Exercise:
Word for word, set down the lines from the one that contains "Harry Potter. La" through the final line of the data; no pictures belong in the copy.

Information shown:

....................

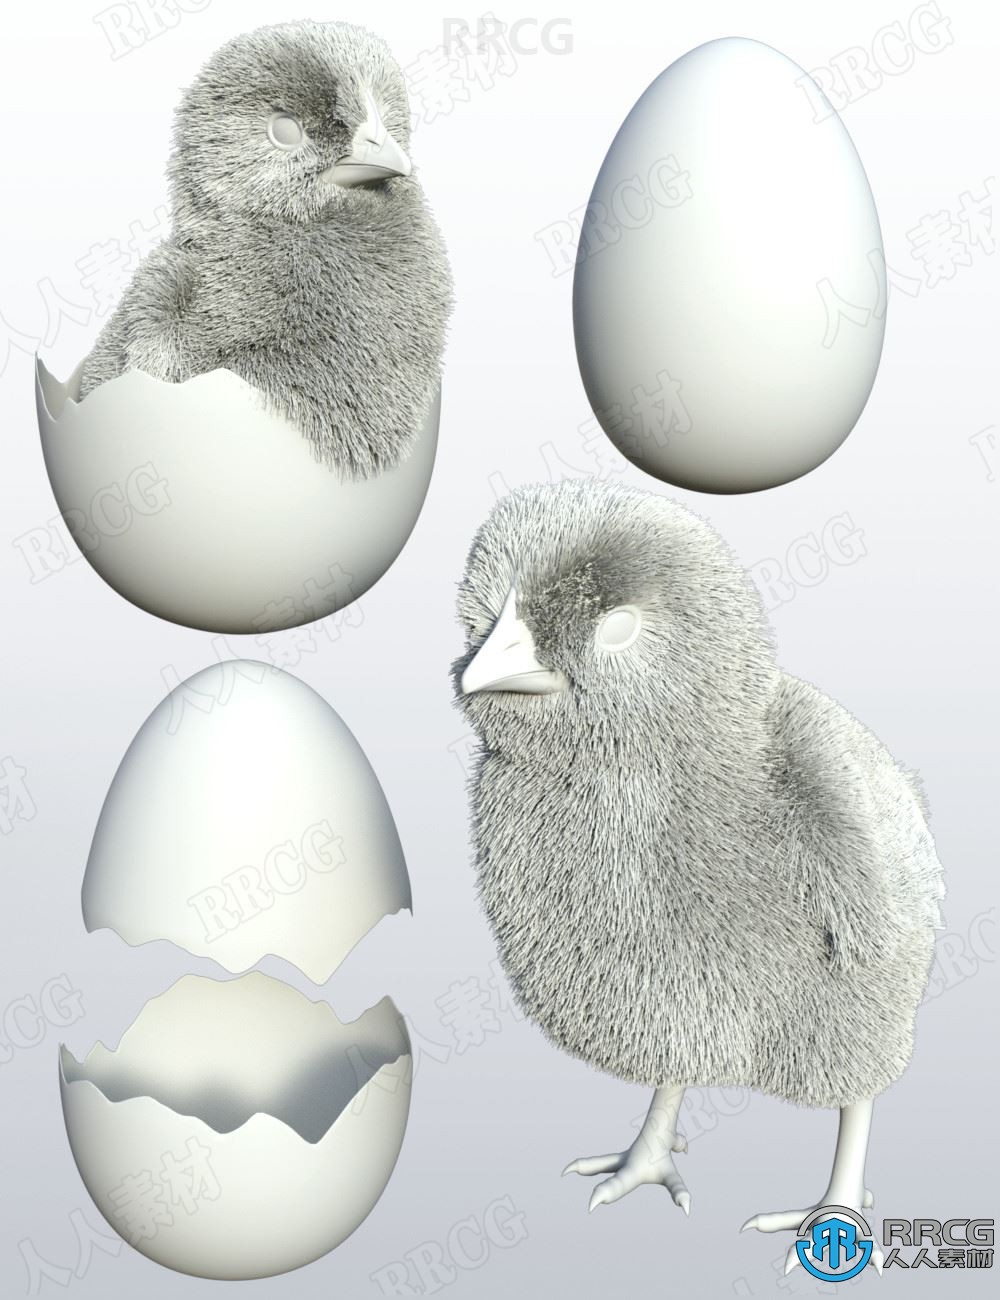 可爱刚孵化破壳小鸡家禽角色3D模型合集
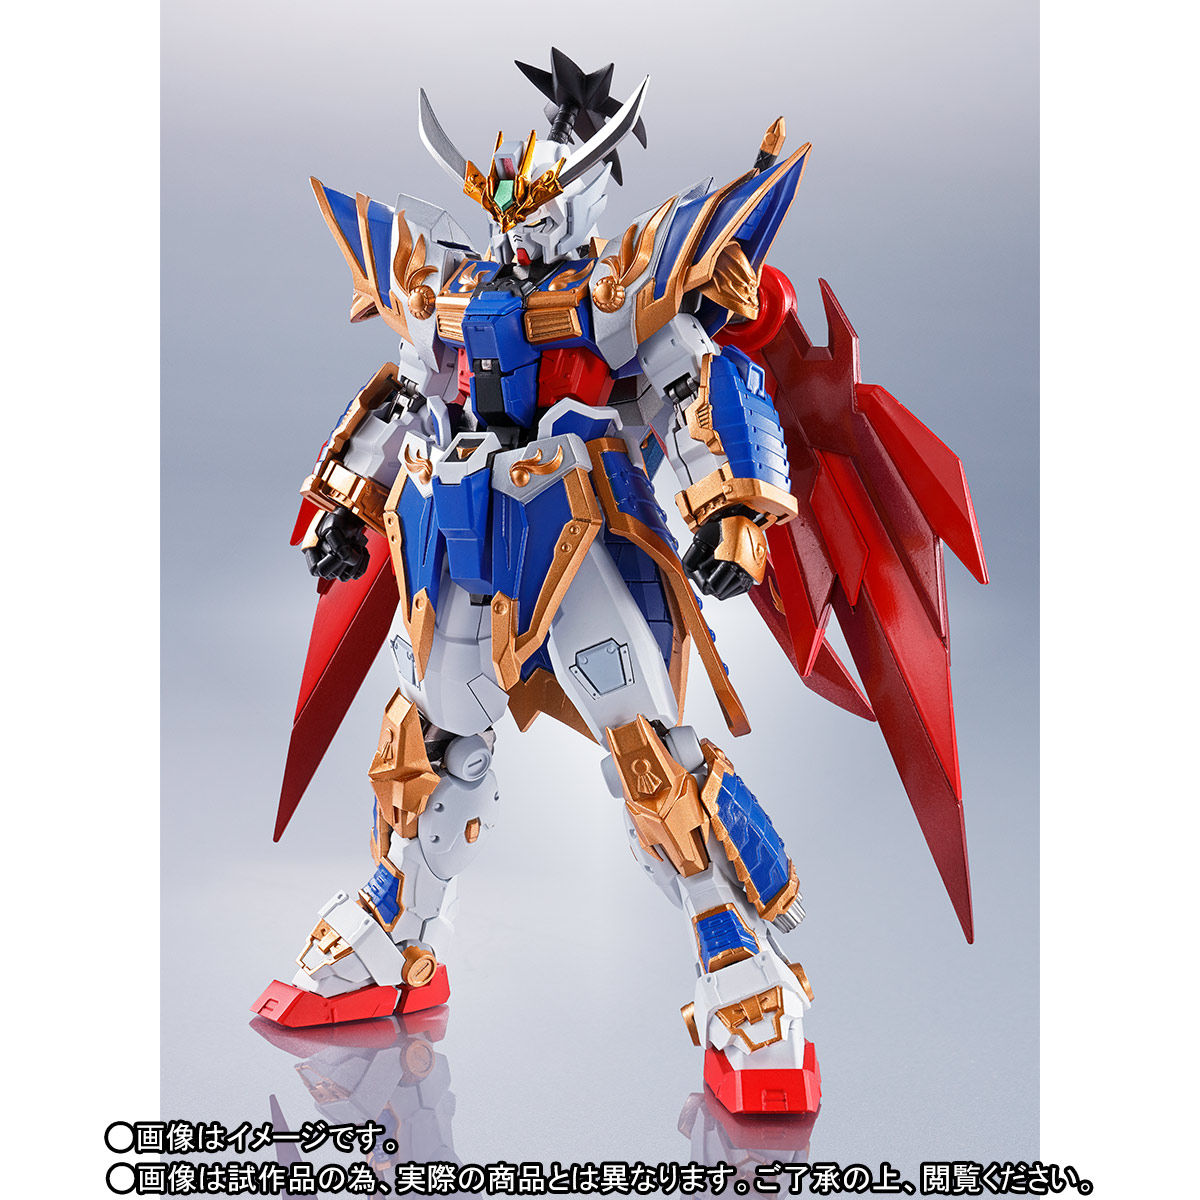 Metal Robot Spirits(Side MS) Liu Bei Gundam(Real Type Ver.)
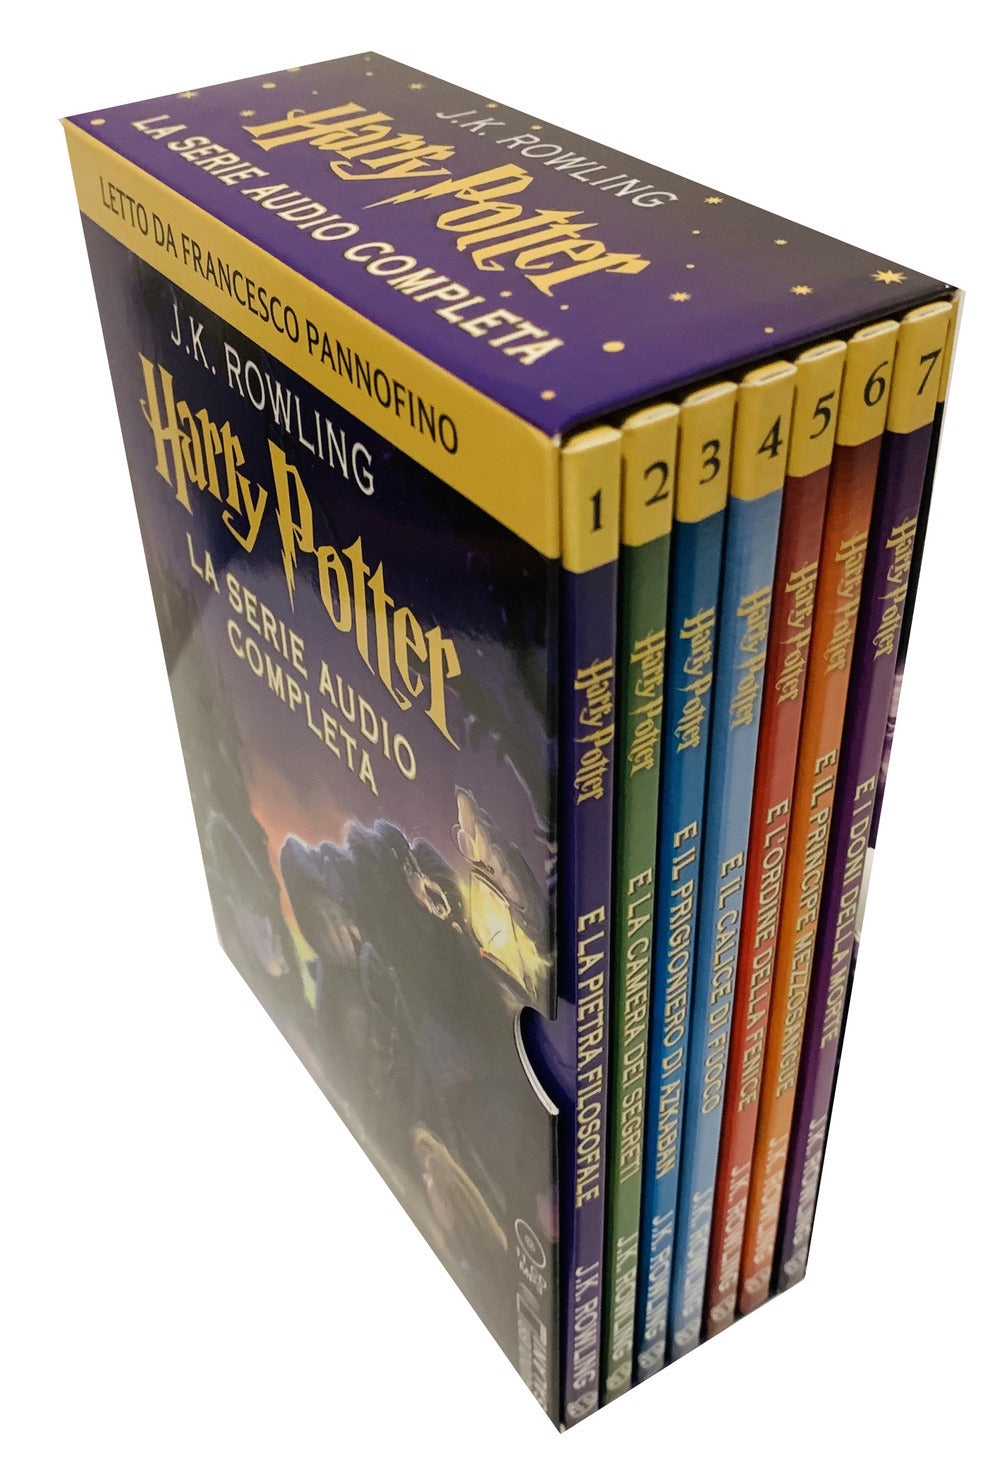 Harry Potter. La serie audio completa letta da Francesco Pannofino letto da Francesco Pannofino. Audiolibro. 11 CD Audio formato MP3.
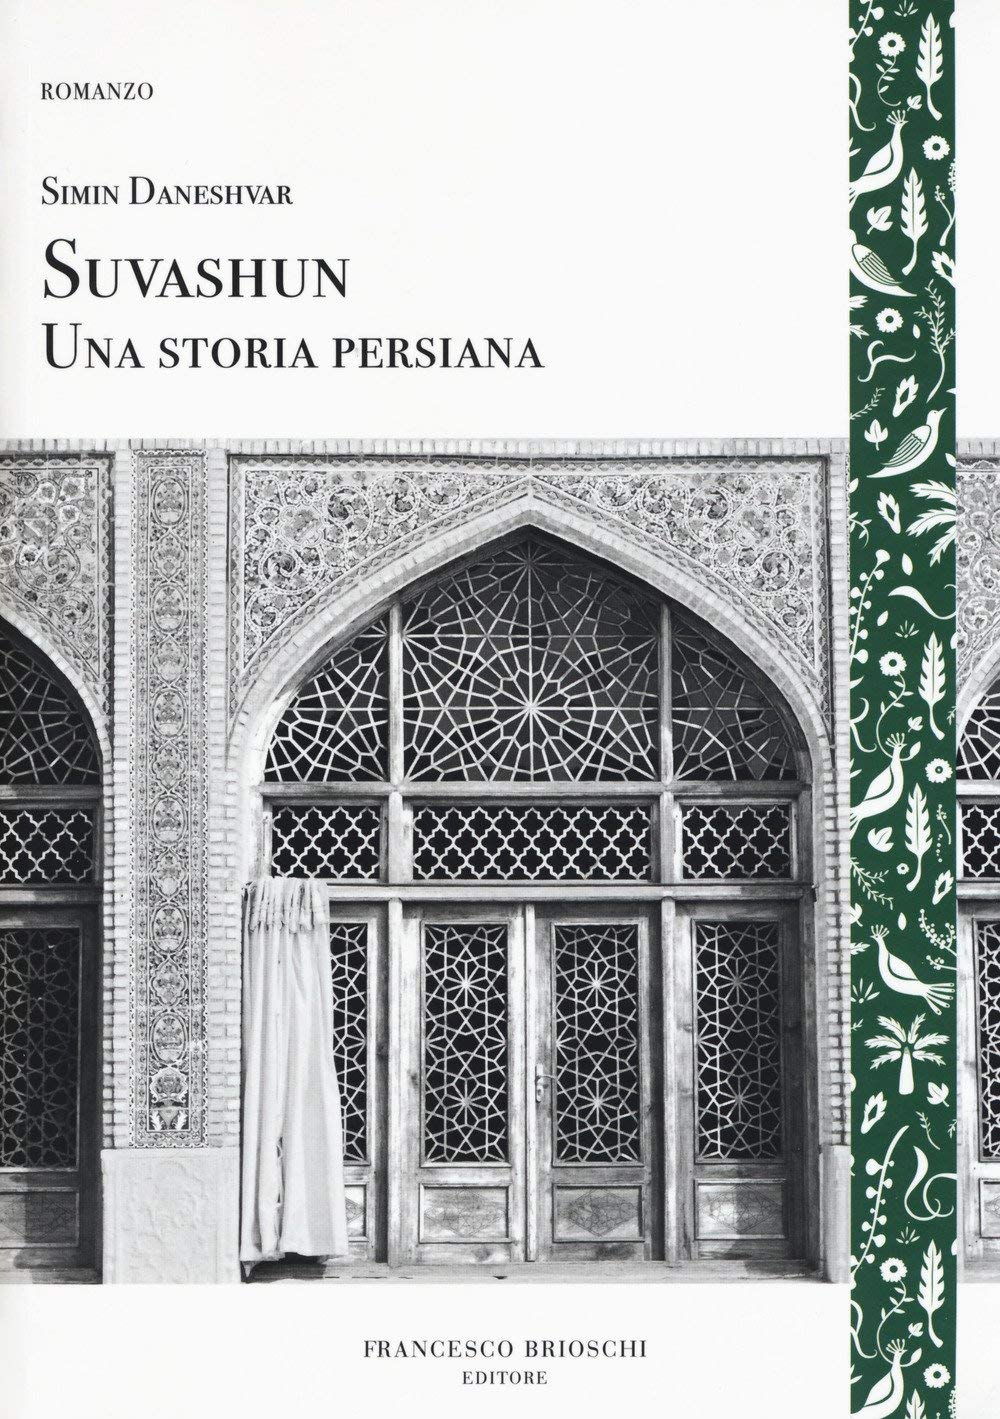 Libri Simin Daneshvar - Suvashun. Una Storia Persiana NUOVO SIGILLATO, EDIZIONE DEL 15/03/2018 SUBITO DISPONIBILE

....................

Written solution:
 Harry Potter. La serie audio completa letta da Francesco Pannofino letto da Francesco Pannofino. Audiolibro. 11 CD Audio formato MP3.
 Libri Simin Daneshvar - Suvashun. Una Storia Persiana NUOVO SIGILLATO, EDIZIONE DEL 15/03/2018 SUBITO DISPONIBILE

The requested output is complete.